| Stored records |
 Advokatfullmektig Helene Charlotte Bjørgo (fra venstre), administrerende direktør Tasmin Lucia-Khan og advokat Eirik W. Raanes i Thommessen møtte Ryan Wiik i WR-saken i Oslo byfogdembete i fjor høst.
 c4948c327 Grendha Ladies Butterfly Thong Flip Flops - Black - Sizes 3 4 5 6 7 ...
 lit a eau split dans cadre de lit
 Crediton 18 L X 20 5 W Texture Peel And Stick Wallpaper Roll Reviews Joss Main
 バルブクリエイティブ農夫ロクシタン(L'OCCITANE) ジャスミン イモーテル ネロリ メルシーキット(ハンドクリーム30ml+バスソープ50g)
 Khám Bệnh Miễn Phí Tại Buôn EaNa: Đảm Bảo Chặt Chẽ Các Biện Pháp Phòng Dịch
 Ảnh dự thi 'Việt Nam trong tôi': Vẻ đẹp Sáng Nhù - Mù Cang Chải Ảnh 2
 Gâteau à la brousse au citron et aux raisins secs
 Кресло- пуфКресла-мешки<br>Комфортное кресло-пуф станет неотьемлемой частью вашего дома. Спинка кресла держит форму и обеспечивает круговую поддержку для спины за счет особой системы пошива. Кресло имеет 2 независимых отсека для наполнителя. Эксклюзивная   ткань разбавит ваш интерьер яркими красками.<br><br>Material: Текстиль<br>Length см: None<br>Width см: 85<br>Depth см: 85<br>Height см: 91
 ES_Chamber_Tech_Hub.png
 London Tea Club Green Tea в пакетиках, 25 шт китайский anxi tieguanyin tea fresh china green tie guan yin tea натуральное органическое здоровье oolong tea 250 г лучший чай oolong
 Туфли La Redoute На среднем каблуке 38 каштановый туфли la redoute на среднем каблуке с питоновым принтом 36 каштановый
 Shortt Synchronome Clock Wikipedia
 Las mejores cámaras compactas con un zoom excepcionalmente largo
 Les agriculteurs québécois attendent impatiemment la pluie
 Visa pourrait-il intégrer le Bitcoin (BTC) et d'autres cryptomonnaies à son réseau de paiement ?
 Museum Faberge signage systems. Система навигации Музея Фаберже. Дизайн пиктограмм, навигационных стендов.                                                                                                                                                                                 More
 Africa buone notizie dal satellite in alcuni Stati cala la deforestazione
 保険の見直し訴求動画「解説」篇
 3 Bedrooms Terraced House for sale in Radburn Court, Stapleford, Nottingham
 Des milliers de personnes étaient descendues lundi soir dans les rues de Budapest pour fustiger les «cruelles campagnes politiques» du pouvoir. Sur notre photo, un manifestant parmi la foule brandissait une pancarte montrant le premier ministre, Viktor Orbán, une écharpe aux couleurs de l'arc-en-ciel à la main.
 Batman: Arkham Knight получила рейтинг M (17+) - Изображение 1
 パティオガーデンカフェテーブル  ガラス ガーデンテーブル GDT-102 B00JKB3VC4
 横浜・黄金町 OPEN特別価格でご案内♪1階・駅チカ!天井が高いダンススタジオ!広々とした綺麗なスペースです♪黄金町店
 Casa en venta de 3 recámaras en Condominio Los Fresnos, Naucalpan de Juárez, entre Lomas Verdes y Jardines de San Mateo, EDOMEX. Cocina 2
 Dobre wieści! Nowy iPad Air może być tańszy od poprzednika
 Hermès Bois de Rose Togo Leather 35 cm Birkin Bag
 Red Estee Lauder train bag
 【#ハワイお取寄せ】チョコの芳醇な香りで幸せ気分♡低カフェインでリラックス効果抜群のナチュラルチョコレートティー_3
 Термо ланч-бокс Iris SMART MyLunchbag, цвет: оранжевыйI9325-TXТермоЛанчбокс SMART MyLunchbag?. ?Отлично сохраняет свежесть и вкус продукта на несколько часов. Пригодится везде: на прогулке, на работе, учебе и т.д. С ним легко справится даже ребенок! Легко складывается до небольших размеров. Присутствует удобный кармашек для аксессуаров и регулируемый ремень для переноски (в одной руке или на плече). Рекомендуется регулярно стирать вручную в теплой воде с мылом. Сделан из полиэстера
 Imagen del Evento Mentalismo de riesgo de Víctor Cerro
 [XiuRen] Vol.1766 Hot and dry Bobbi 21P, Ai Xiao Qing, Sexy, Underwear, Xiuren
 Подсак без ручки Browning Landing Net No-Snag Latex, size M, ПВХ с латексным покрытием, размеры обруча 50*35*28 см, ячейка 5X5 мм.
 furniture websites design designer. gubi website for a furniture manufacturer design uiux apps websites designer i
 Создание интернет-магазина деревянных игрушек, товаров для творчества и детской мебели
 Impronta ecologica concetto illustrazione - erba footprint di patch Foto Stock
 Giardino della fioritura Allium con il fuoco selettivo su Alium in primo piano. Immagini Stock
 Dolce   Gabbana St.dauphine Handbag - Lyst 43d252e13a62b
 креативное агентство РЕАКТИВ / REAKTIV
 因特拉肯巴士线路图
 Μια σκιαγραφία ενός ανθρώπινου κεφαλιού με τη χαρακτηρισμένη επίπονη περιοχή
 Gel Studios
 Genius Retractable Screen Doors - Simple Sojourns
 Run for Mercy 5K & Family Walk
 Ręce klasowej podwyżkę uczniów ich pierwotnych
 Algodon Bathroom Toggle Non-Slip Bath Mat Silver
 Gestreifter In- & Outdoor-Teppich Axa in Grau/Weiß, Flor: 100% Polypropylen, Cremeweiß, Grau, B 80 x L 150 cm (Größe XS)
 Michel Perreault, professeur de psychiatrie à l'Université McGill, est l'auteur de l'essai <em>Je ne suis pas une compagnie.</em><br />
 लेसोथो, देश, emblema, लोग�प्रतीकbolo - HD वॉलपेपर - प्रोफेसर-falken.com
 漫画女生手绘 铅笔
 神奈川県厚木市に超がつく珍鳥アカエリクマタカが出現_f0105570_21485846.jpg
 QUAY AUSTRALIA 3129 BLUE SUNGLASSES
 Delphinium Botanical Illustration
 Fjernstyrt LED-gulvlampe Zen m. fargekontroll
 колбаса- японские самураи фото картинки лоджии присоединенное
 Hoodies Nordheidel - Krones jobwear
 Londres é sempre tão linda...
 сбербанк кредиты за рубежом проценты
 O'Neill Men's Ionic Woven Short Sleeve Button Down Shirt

| DIRECTIONS FOR THIS TASK |
Copy out each line of the records that holds the string "dans".

| TASK RESPONSE |
 lit a eau split dans cadre de lit
 Des milliers de personnes étaient descendues lundi soir dans les rues de Budapest pour fustiger les «cruelles campagnes politiques» du pouvoir. Sur notre photo, un manifestant parmi la foule brandissait une pancarte montrant le premier ministre, Viktor Orbán, une écharpe aux couleurs de l'arc-en-ciel à la main.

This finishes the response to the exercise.